ANY lingering suspicions that rugby league remains uneasy about its own rich and colourful past were dispelled last year when the sport marked its 120-year anniversary in some style.
Two decades on from the missed opportunity of its centenary, a game forged from working class values of equality and fairness finally paid due respect to the vision of its founding fathers and gave special recognition to some of its all-time heroes.
A blue heritage plaque was installed at, or near the site of, the grounds of the 22 original clubs which formed the Northern Union in 1895, and all the venues were visited on the Founders Walk, an activity led by Nigel Wood, the Rugby Football League’s chief executive.

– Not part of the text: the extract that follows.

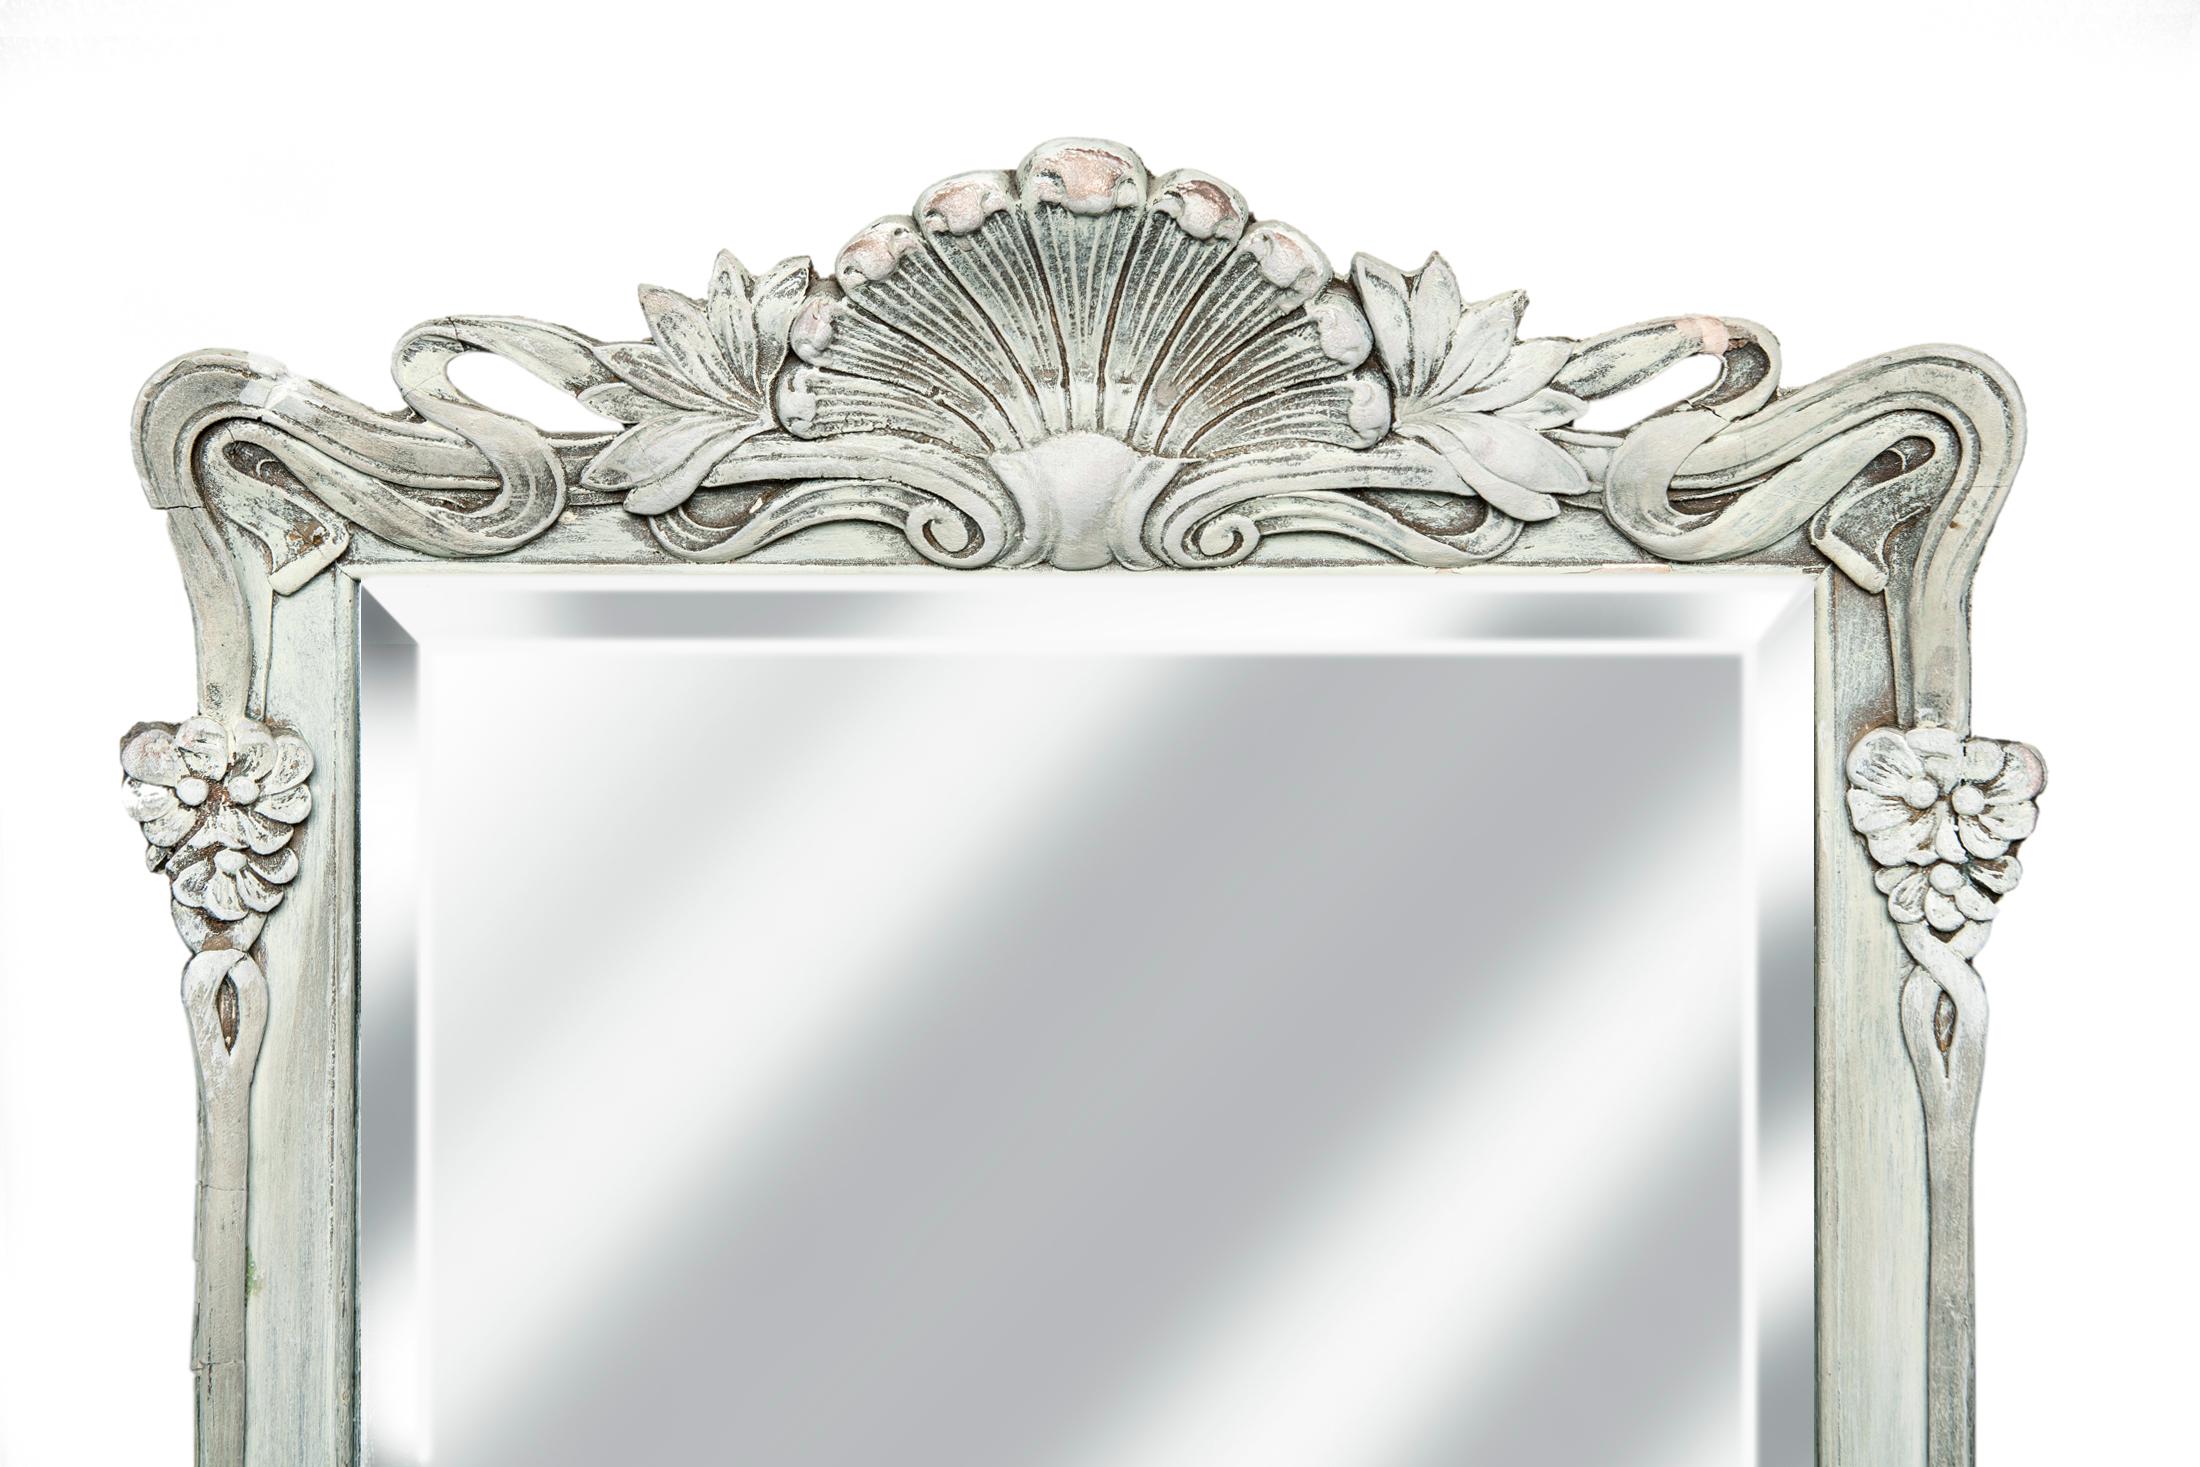 Cadre artisanal Art Nouveau / miroir finement biseauté. Rectangle allongé
miroir biseauté plus ancien. Le fil peut être suspendu avec l'écusson en haut ou en bas.

At Wembley last August, the sport unveiled a bronze statue featuring five all-time greats – Martin Offiah, Eric Ashton, Alec Murphy, Gus Risman and Billy Boston – to commemorate a relationship with the national stadium which goes all the way back to 1929.
The celebrations were in stark contrast to the events of 1995, when the blood-letting that ensued from the Rupert Murdoch-led battle for broadcast rights in Australia saw a significant juncture in rugby league’s history go largely unmarked.
It did not help that some members of the administrative regime at the time shared Henry Ford’s view that ‘history is bunkum’, a situation highlighted by the decision to stand down the game’s official historian, the estimable Robert Gate, from his position.
His shoddy treatment from the governing body led to Gate turning his back on the sport completely, as did many others who disagreed with the switch in seasons from winter to summer that came in 1996 and which was fated to happen with or without Murdoch’s millions.
Rugby league is nothing if not robust and the Super League era has proved to be one of growth for a sport which has finally grasped that fostering progress and cherishing heritage can not only occur simultaneously, but when done properly, are mutually beneficial.
The revival of the Rugby League Hall of Fame in 2013 after an eight-year hiatus served to demonstrate the new-found desire to acknowledge the past and in the last three years this most exclusive of clubs has grown to feature the 25 greatest players to have played the game in the UK since 1895.
Garry Schofield OBE, Martin Offiah MBE and Shaun Edwards OBE have all joined the sporting pantheon from the modern era, as have Malcolm Reilly OBE, Willie Horne, Mick Sullivan, Lewis Jones and Albert Goldthorpe.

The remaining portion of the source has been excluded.